Badanie techniczne – cena za klasyka. Wzrośnie od 1 września 2025. O ile?
Klasyk to nie tylko zabawa. Już od 1 września 2025 badanie techniczne będzie droższe. To pierwsza taka podwyżka… od 21 lat. Ile wyniesie?
Obowiązkowe badanie techniczne auta – co obejmuje?
Badanie techniczne samochodu to sprawdzenie stanu układów, oświetlenia, hamulców, emisji spalin i dokumentów. W przypadku pojazdów leciwych, dochodzą często do tego dodatkowe elementy, jak choćby dokładniejsze sprawdzenie stanu technicznego czy zgodność dokumentów z numerami nadwozia w aucie.
Dla kolekcjonerów i zapalonych pasjonatów to zwykle nie problem.

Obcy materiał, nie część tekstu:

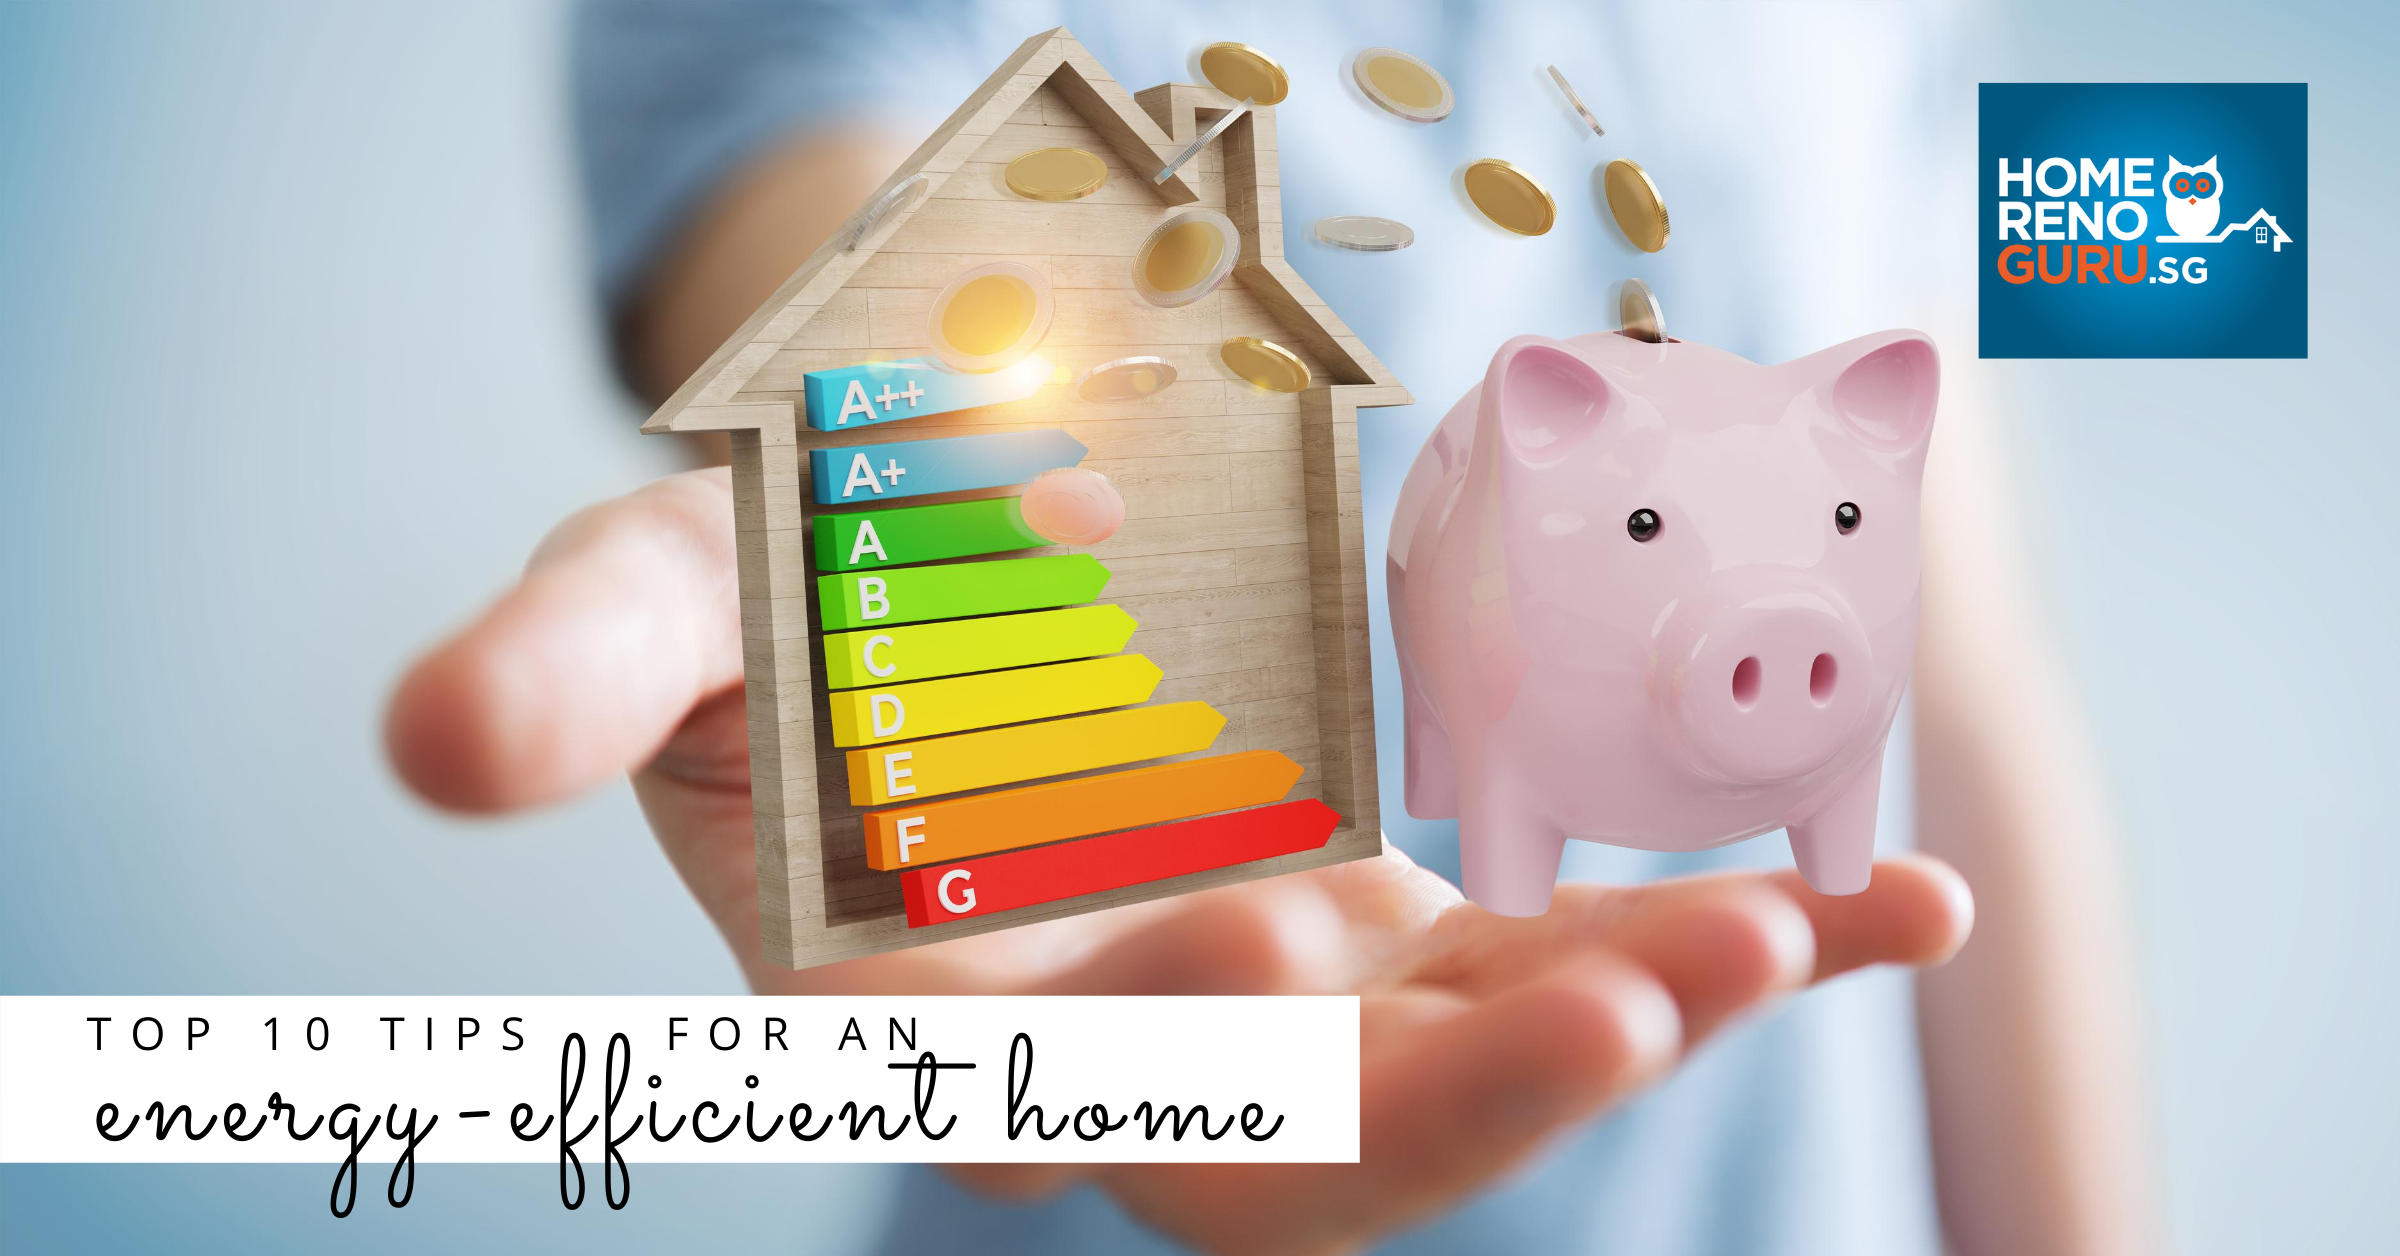 Top 10 Tips for an Energy-Efficient Home

Dla potencjalnych nowych właścicieli sporo dodatkowych wydatków – i problemów – może być czynnikiem zniechęcającym. Dlatego bardzo częstym rozwiązaniem jest rejestracja aut ponad 30-letnich na zabytek.
Cena badania technicznego od 1 września 2025
Najważniejsza zmiana to ta: badanie techniczne samochodu osobowego ma kosztować 149 zł (obecnie 98 zł). Dla auta z instalacją LPG opłata ma wzrosnąć do 243 zł. Ministerstwo Infrastruktury wprowadza nowe stawki rozporządzeniem.
Pojawiła się propozycja, by diagnosta podczas badania technicznego robił 5 zdjęć pojazdu (przód, tył, dwa boki i zdjęcie drogomierza), które trafią do centralnej bazy CEP. Miałoby to zakończyć praktykę „podbicia pieczątki” bez realnej kontroli na ścieżce diagnostycznej.
Wspomniane powyżej opłaty za przegląd mają być powiązane ze średnim wynagrodzeniem i co roku waloryzowane o wskaźnik inflacyjny. To oznacza, że 149 zł może stać się „punktem wyjścia”, a nie jednorazową, ostateczną kwotą.
Dodatkowo, pewne typy pojazdów (np. z napędem 4×4) mogą być wyceniane wyżej — bo wymagają innych procedur.
Porady Girls Classic Moto
Oto kilka rzeczy, które można zrobić już teraz, żeby zmniejszyć ryzyko kosztowych niespodzianek:
- Uporządkuj dokumentację — zdjęcia, faktury, opis modyfikacji i historii auta ułatwią diagnoście szybszą i spokojniejszą ocenę.
- Przegląd „na sucho” przed SKP — zrób mały checklist: światła, hamulce, opony, poziomy płynów, stan instalacji LPG (jeśli jest). Mniejsze naprawy samodzielne lub u zaprzyjaźnionego mechanika są często tańsze niż poprawki po negatywnym wyniku.
- Szukaj stacji z doświadczeniem w klasykach — warto zapłacić trochę więcej u diagnosty, który zna się na starych rozwiązaniach i potrafi ocenić, co jest bezpieczne, a co wymaga interwencji.
- Zdjęcia auta — skoro diagnosta będzie robić zdjęcia, miej własne, dokumentujące stan przed twoim przyjazdem — pomoże to w ewentualnych kwestiach spornych, po czasie.